Provided entries.
————————

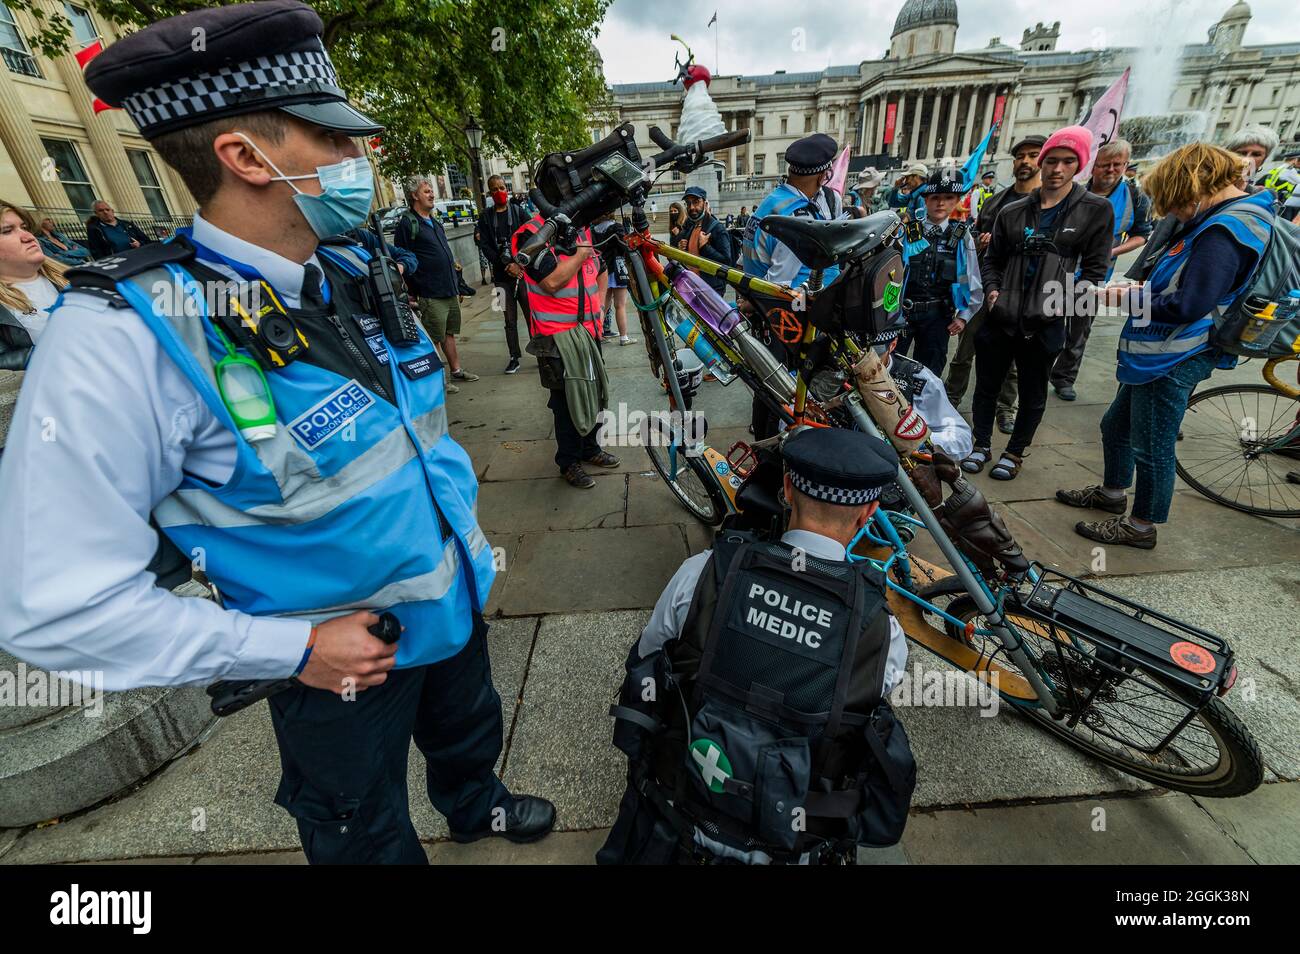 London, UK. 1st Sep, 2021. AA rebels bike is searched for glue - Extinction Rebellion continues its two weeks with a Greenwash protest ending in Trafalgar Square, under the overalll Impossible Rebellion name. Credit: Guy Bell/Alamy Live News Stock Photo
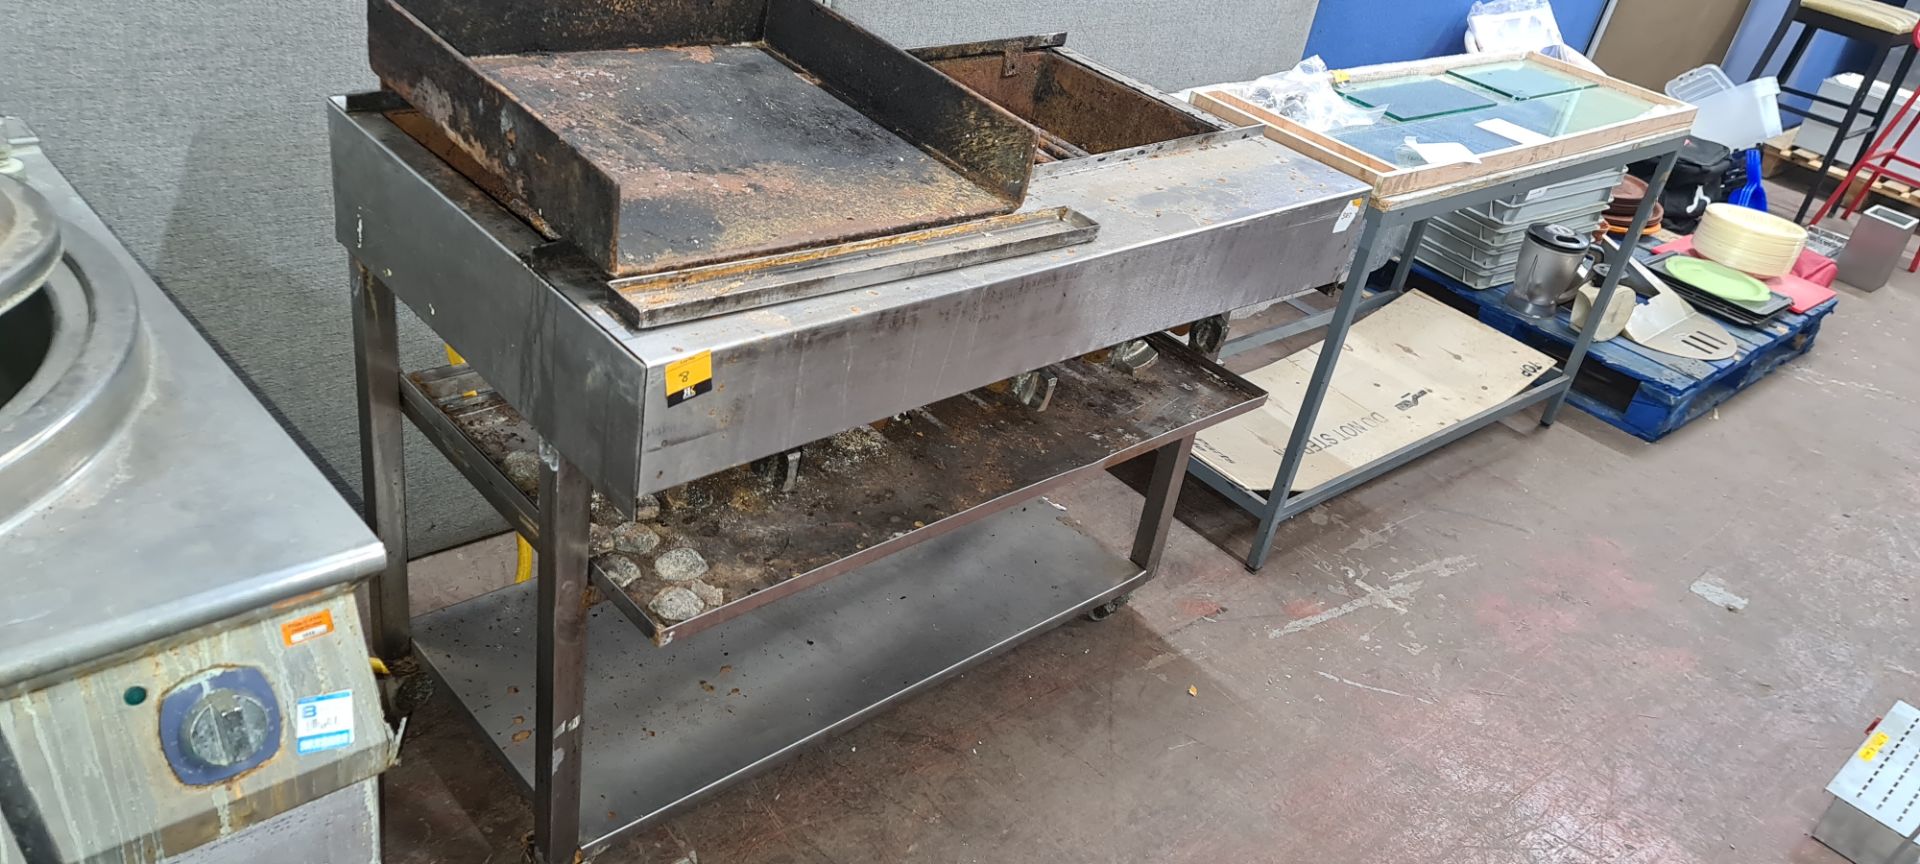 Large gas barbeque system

————————

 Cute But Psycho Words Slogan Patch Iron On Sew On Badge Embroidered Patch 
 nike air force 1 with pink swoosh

————————

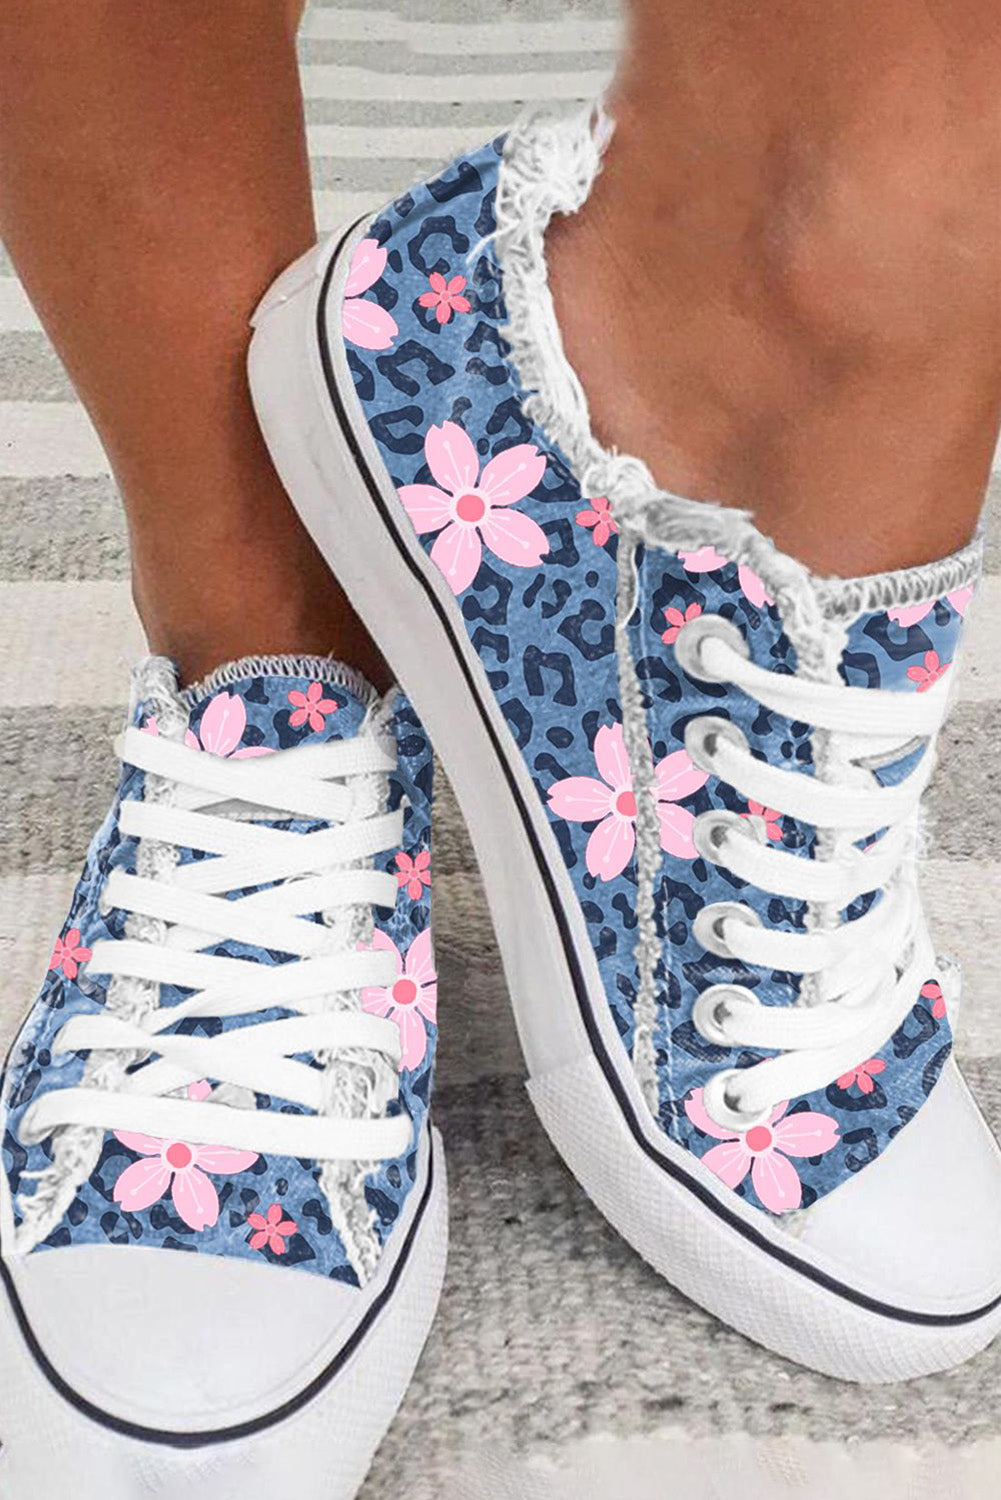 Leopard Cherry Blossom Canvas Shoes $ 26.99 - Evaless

————————

Work required.
From the listing above, restate verbatim the lines running from the one with "London, UK. 1st" through the one with "Large gas barbeque system", inclusive, but not the pictures.

Exercise result.
 London, UK. 1st Sep, 2021. AA rebels bike is searched for glue - Extinction Rebellion continues its two weeks with a Greenwash protest ending in Trafalgar Square, under the overalll Impossible Rebellion name. Credit: Guy Bell/Alamy Live News Stock Photo
 Large gas barbeque system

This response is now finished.